Wer hat den Satz noch nicht gehört: Das geht nicht, das lass mal besser sein. Entweder weil es zu aufwendig erscheint, zu gefährlich oder gar undenkbar. Mich wollen hilfsbereite Menschen häufig schon an so alltäglichen Dingen, wie die Straße zu überqueren, hindern. Nein, nicht weil da ein Auto oder ein anderes Gefährt kommt. Okay, doch, da kommt schon ein Auto oder eine Straßenbahn, irgendwann …
Nun bin ich ja aber, so wenig wie andere auch, den ganzen Tag damit beschäftigt die Straße zu überqueren. Dieses waghalsige Abenteuer ist ja nur Mittel zum Zweck. Entweder um zur Arbeit zu kommen, zum Einkaufen, zum Bahnhof oder, oder, oder.
Was, sie geht auch arbeiten, macht ihren Haushalt und füllt selbst ihren Kühlschrank … pssst, ja, sie plündert ihn auch wieder selbst; und dann auch noch verreisen? Das könnte ich nicht. Schade, ich glaube man hat im Leben immer nur zwei Möglichkeiten: entweder man lebt es oder man lässt es bleiben. Bei dieser Auswahl halte ich die erstere Alternative für die durchaus attraktivere!

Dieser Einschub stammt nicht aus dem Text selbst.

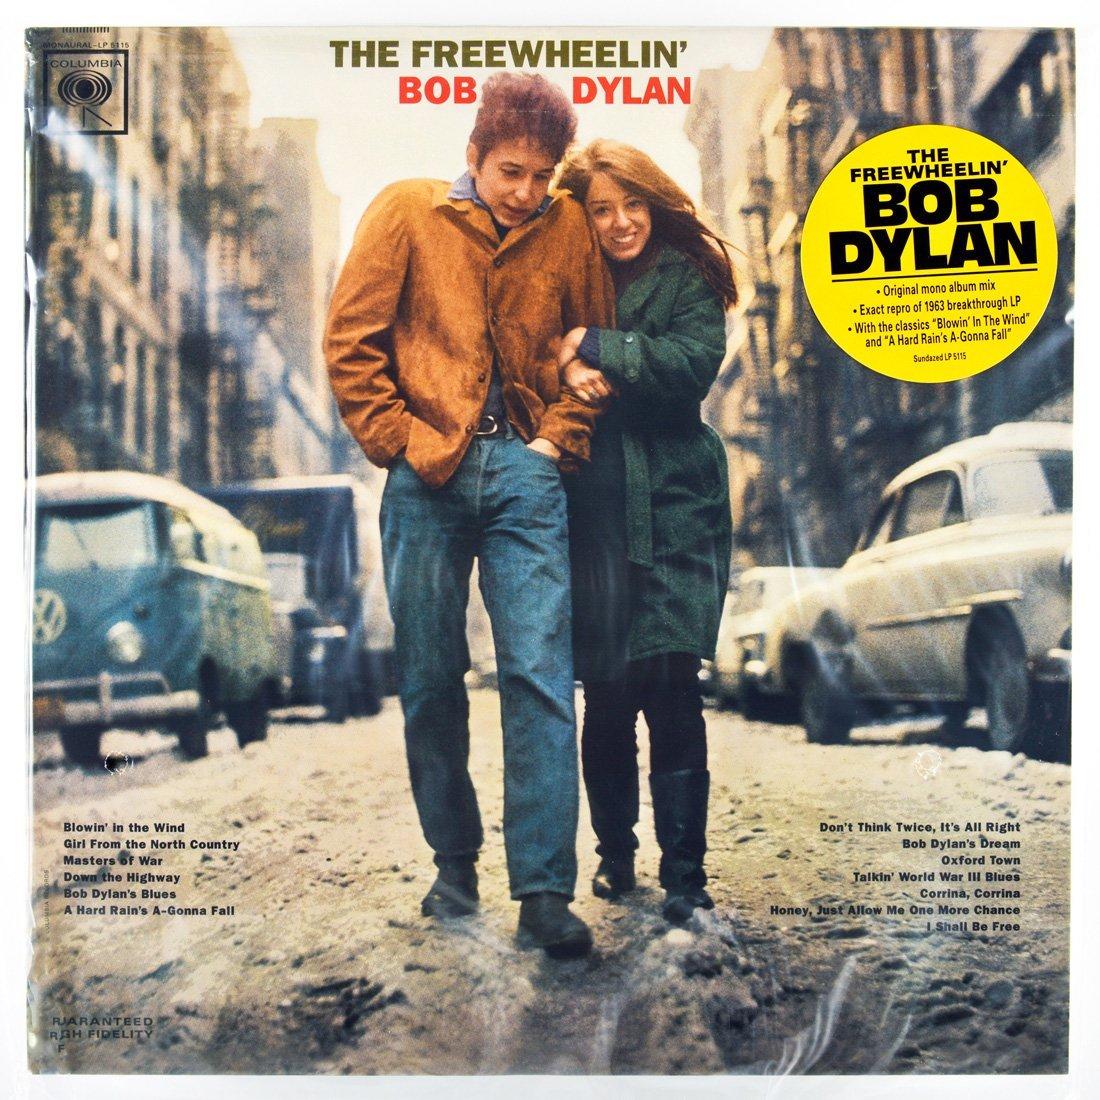 American Highway Framed Print by Bob Dylan

Jetzt sind es ja aber nicht immer nur die Stimmen der anderen, die uns von etwas abhalten wollen. Da gibt es auch noch das Teufelchen auf unserer eigenen Schulter, dass uns gerne mal zuflüstert: Das geht nicht, das schaffst Du nicht. Lass es lieber sein!

Das Teufelchen sagt grundsätzlich: „Geht nicht!“

Als Kinder reizt uns ein Verbot. Wenn die Eltern „nein“ sagen, haben wir den starken Drang es erst recht auszuprobieren. Irgendwann werden dann die Eltern durch das Teufelchen auf unserer Schulter verdrängt. Das Teufelchen warnt aber nicht nur vor Gefahren, es sorgt auch für mehr oder weniger Bequemlichkeit in unserem Leben. Und da erscheint es dann schon durchaus reizvoller artig zu folgen.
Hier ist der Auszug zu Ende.